Gönülden bir değişim için…

Hep daha iyisine sahip olma isteği her insanda vardır. Daha güzel bir ev ya da araba, daha güzel eşyalar, daha genç olmak, daha popüler ya da tanınan biri olmak ….

Aslında bazı insanların dünyadaki tek yaşam amacı, “Maddi anlamda her konuda daha iyiye ulaşmak”tır.

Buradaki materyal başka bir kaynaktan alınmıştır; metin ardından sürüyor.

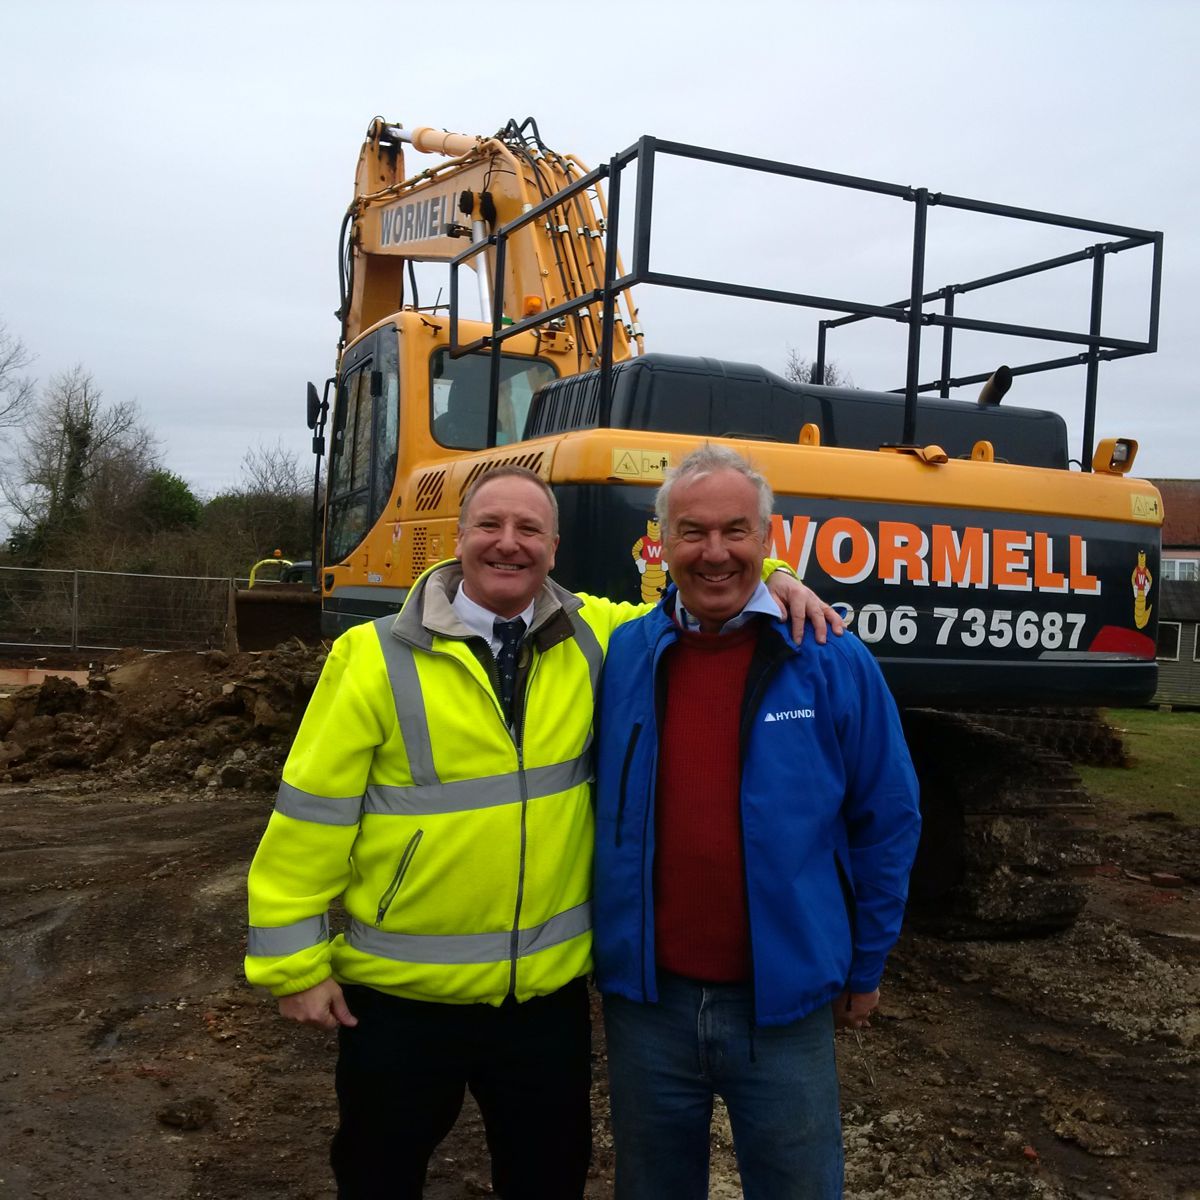 Andy Parnham and Robert Pegram - Steve Wormwell Hyundai Customers

Ancak bu gerçekte, büyük sıkıntılara kapı açan yanlış bir düşüncedir.


Bu yanlış mantıktaki insanlar sahip olduklarına alışırlar hatta öyle bir hale gelirler ki ellerindekinin kıymetini ve önemini de bir süre sonra fark etmemeye başlarlar.

Evleri, arabaları, sağlıklı olmaları, gençlikleri, aileleri, ülkelerindeki huzurlu ortam, yiyecekler, havadaki oksijen, sebzelerdeki güzellikler, doğadaki yeşilin muhteşemliği... Kısacası herşey bu gibi kişiler için bir süre sonra anlamsızlaşır.

Hem büyük bir tatminsizlik ve huzursuzluk içinde yaşarlar hem de çevrelerindeki olan bitenle de ilgilenmezler.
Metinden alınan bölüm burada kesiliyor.